Театр - общественная кафедра
В творческой биографии Олега Басилашвили начался новый этап: в Большой драматический театр им. Товстоногова, где он работает уже более полувека, недавно пришел новый художественный руководитель – известный режиссер «новой волны» Андрей Могучий.
– Последние годы вы много работали в Москве, столичный зритель видел вас в антрепризных постановках. Это была своего рода творческая эмиграция, связанная с тем, что ваш родной БДТ находился не в лучшей форме?
– Я не называю это творческой эмиграцией. Моя работа в антрепризе никак не связана с тем, что я делал и делаю в БДТ.
– Вы свой приход в БДТ хорошо помните?
– Конечно. Это было в 1959 году. Я до этого три года проработал в Ленинградском театре Ленинского комсомола. Сыграл там несколько ролей, в том числе Обломова. В «Ленкоме» была прекрасная атмосфера. И отношения между артистами были хорошие, добрые. Никто никому не завидовал, все друг другу помогали, жили беспечно, весело… А когда по приглашению Георгия Александровича Товстоногова я перешел в БДТ, для меня настали трудные времена. Требования Товстоногова были очень жесткие, на десять порядков жестче, чем в студии Художественного театра, где я учился, и чем в театре Ленинского комсомола. Если ты эти требования не выполнишь – тебе хана. И приходилось себя не то чтобы ломать, но перестраиваться на другое отношение к театру. Это было очень тяжело. У меня даже был момент, когда я хотел уйти из БДТ и уехать обратно в Москву. Но меня удерживало понимание, что такой театр, с таким режиссером так просто не покидают. Мне Товстоногов однажды сказал: «Олег, я чувствую, что вы хотите уйти из театра. Прошу вас не делать этого, вы мне очень нужны».
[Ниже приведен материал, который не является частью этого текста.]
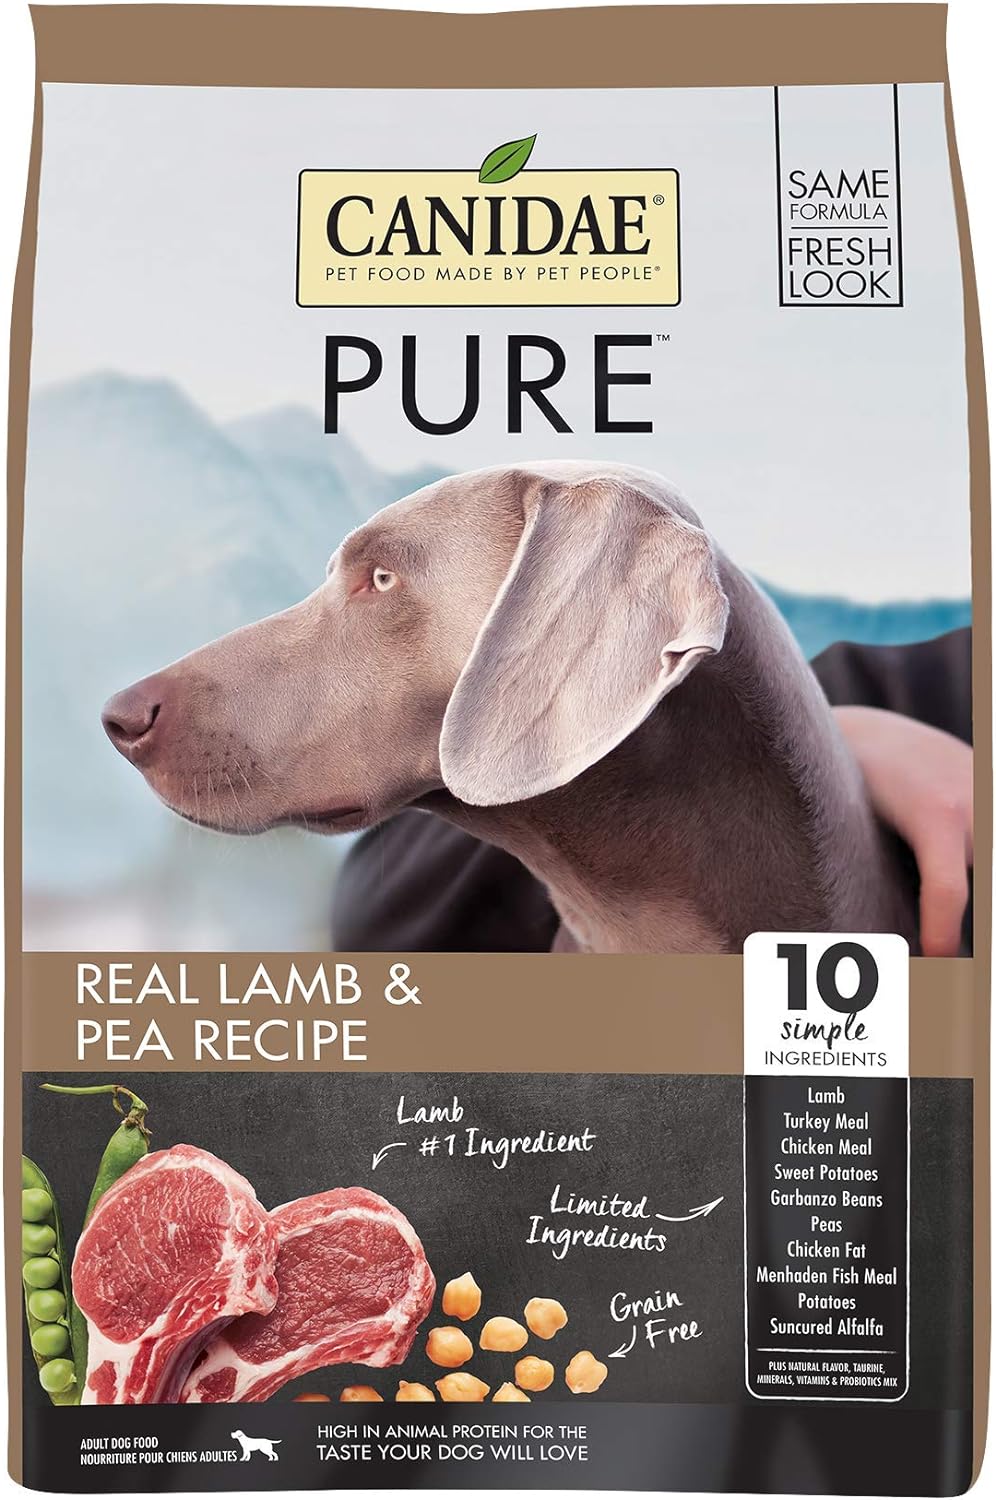 Canidae PURE Limited Ingredient Premium Adult Dry Dog Food, Lamb and Pea Recipe (New look- Real Lamb and Sweet Potato Recipe), 12 Pounds, Grain Free

– Ролей в БДТ у вас тогда еще не было?
– Были, но маленькие. Ну что можно сыграть в роли Степана Лукина в «Варварах» (это была моя первая роль в БДТ), когда рядом такие крупные трагические персонажи, как Надежда Монахова, Черкун? У меня всякие были роли. Но серьезного успеха я не имел. Прорыв произошел на спектакле по пьесе Эдварда Радзинского «Еще раз про любовь». Я там играл роль Феликса, тоже небольшую, но трагикомическую. Феликс – человек, который свою внутреннюю растерянность, ощущение неуместности себя в этой жизни прикрывает шутками, прибаутками, натужным остроумием…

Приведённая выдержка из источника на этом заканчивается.